■ **WORK REQUIRED**
Below is a listing to copy exactly; no image goes into the copy.

■ **SUPPLIED MATERIAL**
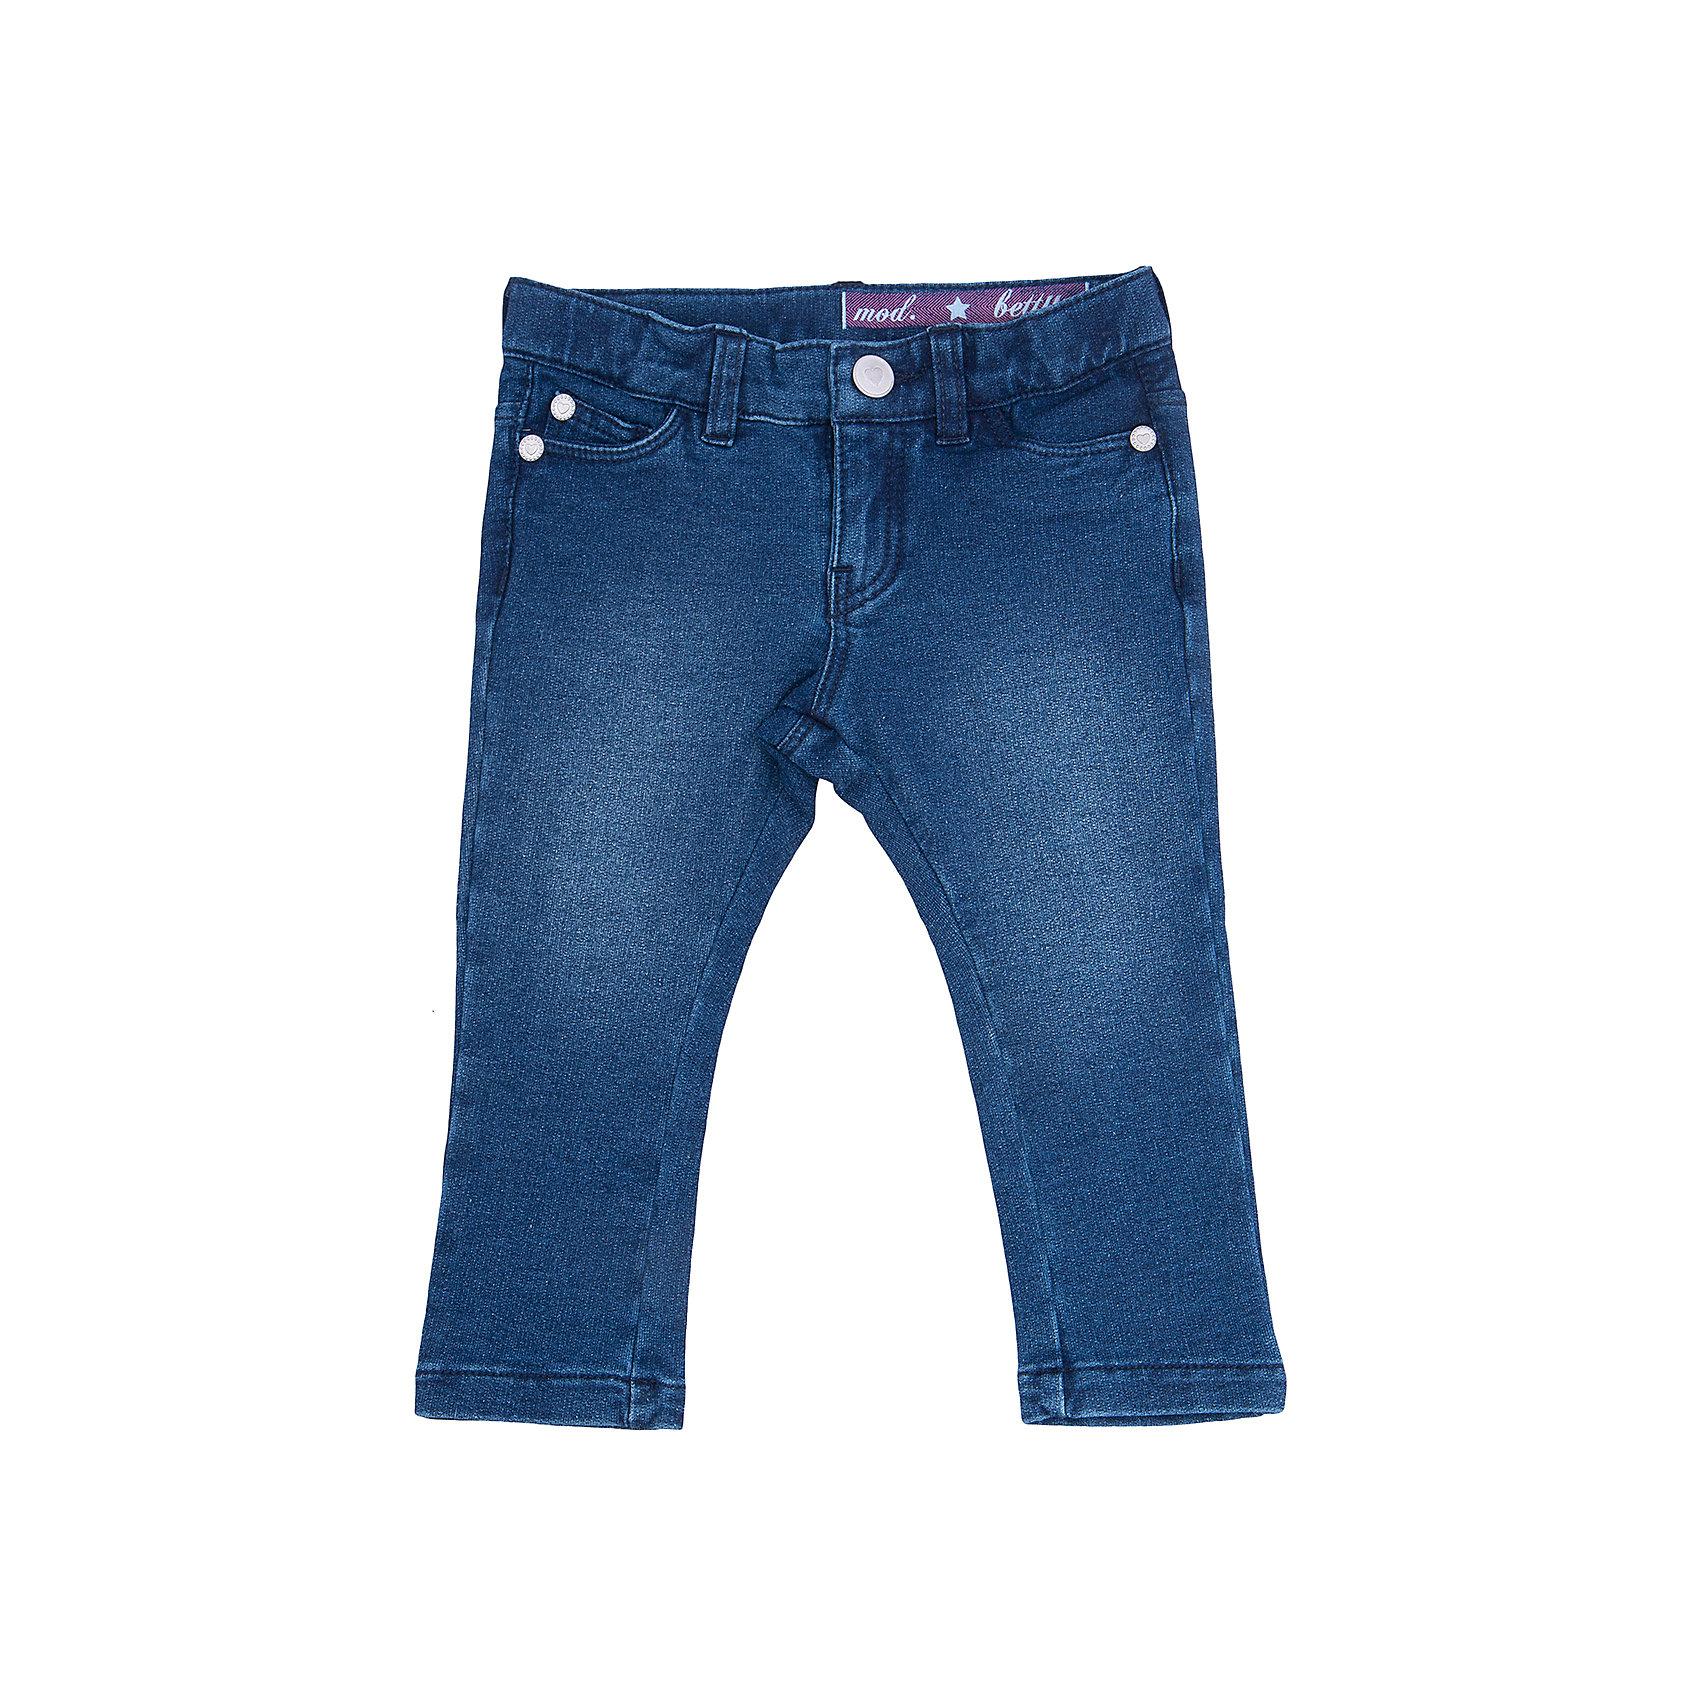 Брюки  для девочки CHICCOДжинсы и брючки<br>Джинсы CHICCO для девочки<br><br>Характеристики:<br><br>Фактура материала: джинсовый трикотаж<br>Особенности брюк: зауженные<br>Тип брюк: обхват талии регулируется, есть пуговица и молния, есть шлевки - петельки для ремня<br>Тип карманов: карманы впереди и сзади<br>Вид отделки: фабричная потертость<br><br>Состав: 86% хлопок, 10% полиэстер, 4% эластан<br><br>Брюки CHICCO для девочки можно купить в нашем интернет-магазине.<br><br>Ширина мм: 215<br>Глубина мм: 88<br>Высота мм: 191<br>Вес г: 336<br>Цвет: синий<br>Возраст от месяцев: 84<br>Возраст до месяцев: 96<br>Пол: Женский<br>Возраст: Детский<br>Размер: 74,80,86,92,98,104,110,116,122,128<br>SKU: 5082672
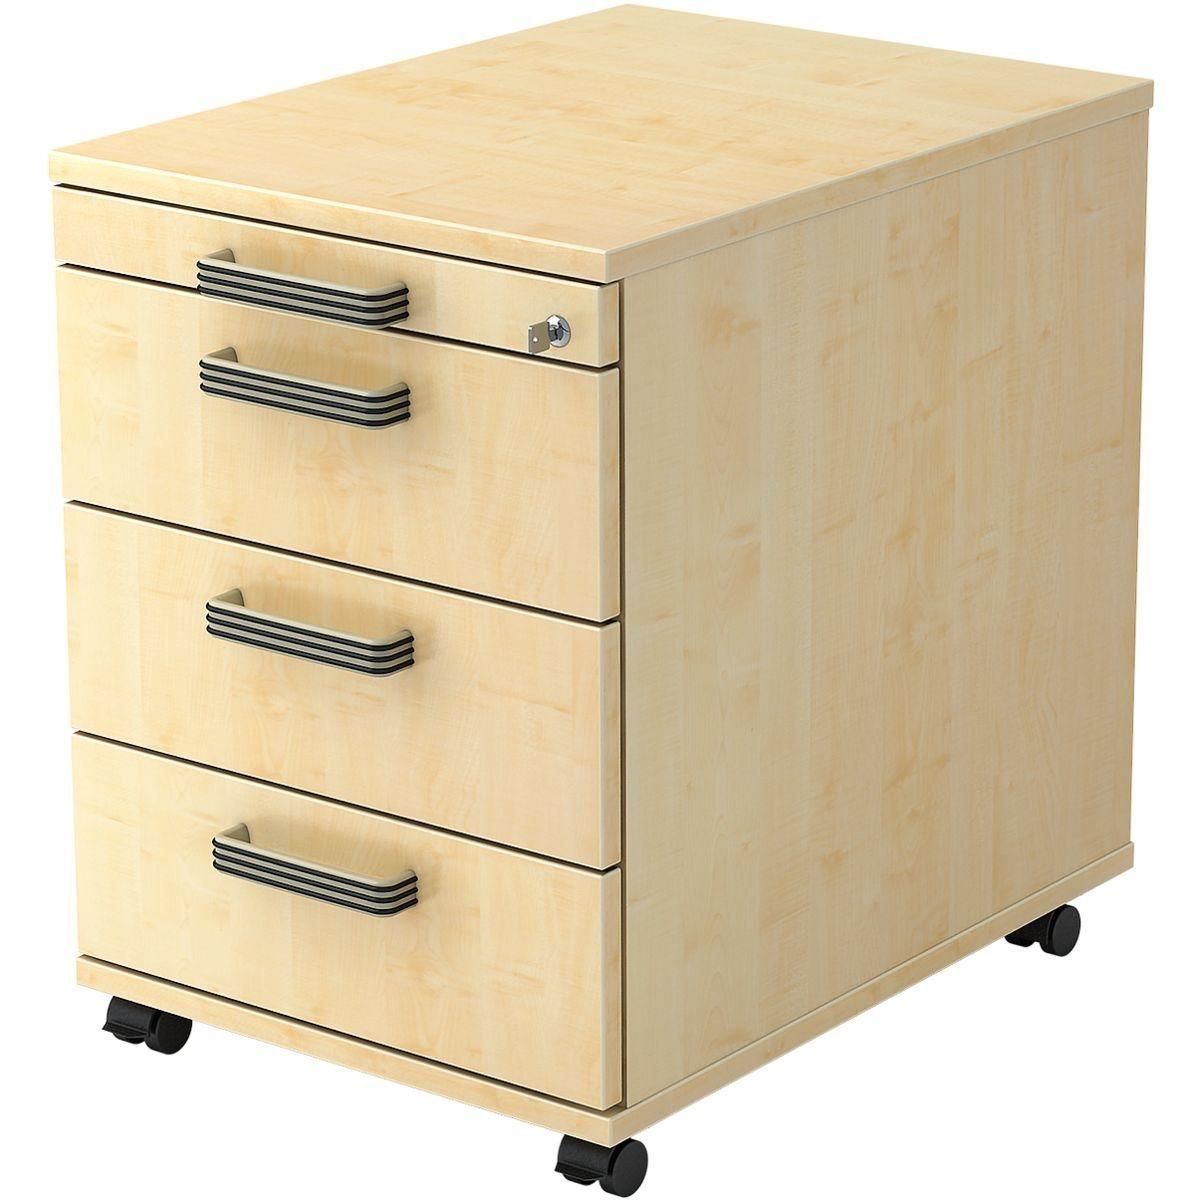 rollcontainer kiefer schubladen preisvergleich die besten angebote online kaufen. Black Bedroom Furniture Sets. Home Design Ideas
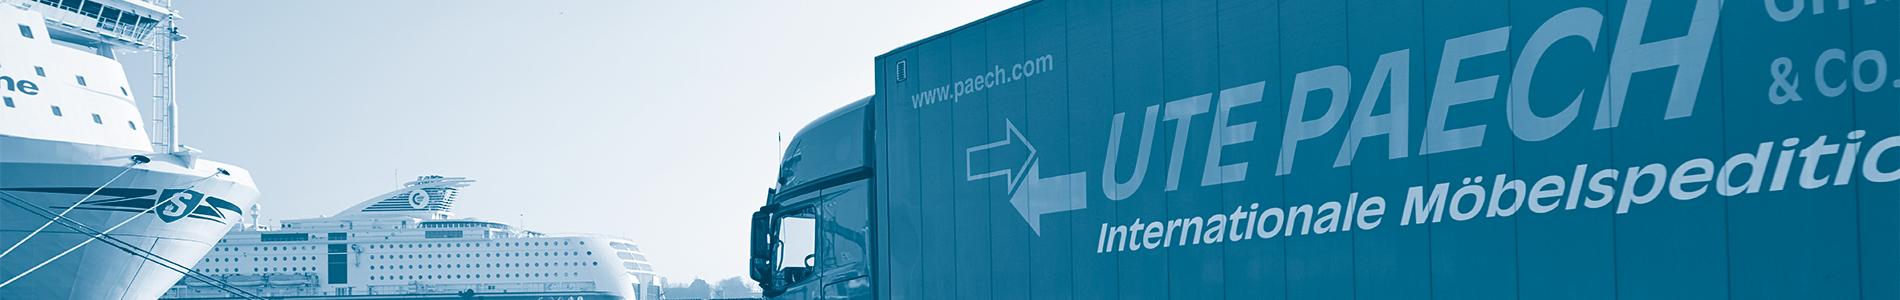 Ute Paech GmbH & Co. KG - Umzug Skandinavien und Europa

■ **RESULT FOR THIS TASK**
 Брюки  для девочки CHICCOДжинсы и брючки<br>Джинсы CHICCO для девочки<br><br>Характеристики:<br><br>Фактура материала: джинсовый трикотаж<br>Особенности брюк: зауженные<br>Тип брюк: обхват талии регулируется, есть пуговица и молния, есть шлевки - петельки для ремня<br>Тип карманов: карманы впереди и сзади<br>Вид отделки: фабричная потертость<br><br>Состав: 86% хлопок, 10% полиэстер, 4% эластан<br><br>Брюки CHICCO для девочки можно купить в нашем интернет-магазине.<br><br>Ширина мм: 215<br>Глубина мм: 88<br>Высота мм: 191<br>Вес г: 336<br>Цвет: синий<br>Возраст от месяцев: 84<br>Возраст до месяцев: 96<br>Пол: Женский<br>Возраст: Детский<br>Размер: 74,80,86,92,98,104,110,116,122,128<br>SKU: 5082672
 rollcontainer kiefer schubladen preisvergleich die besten angebote online kaufen. Black Bedroom Furniture Sets. Home Design Ideas
 Ute Paech GmbH & Co. KG - Umzug Skandinavien und Europa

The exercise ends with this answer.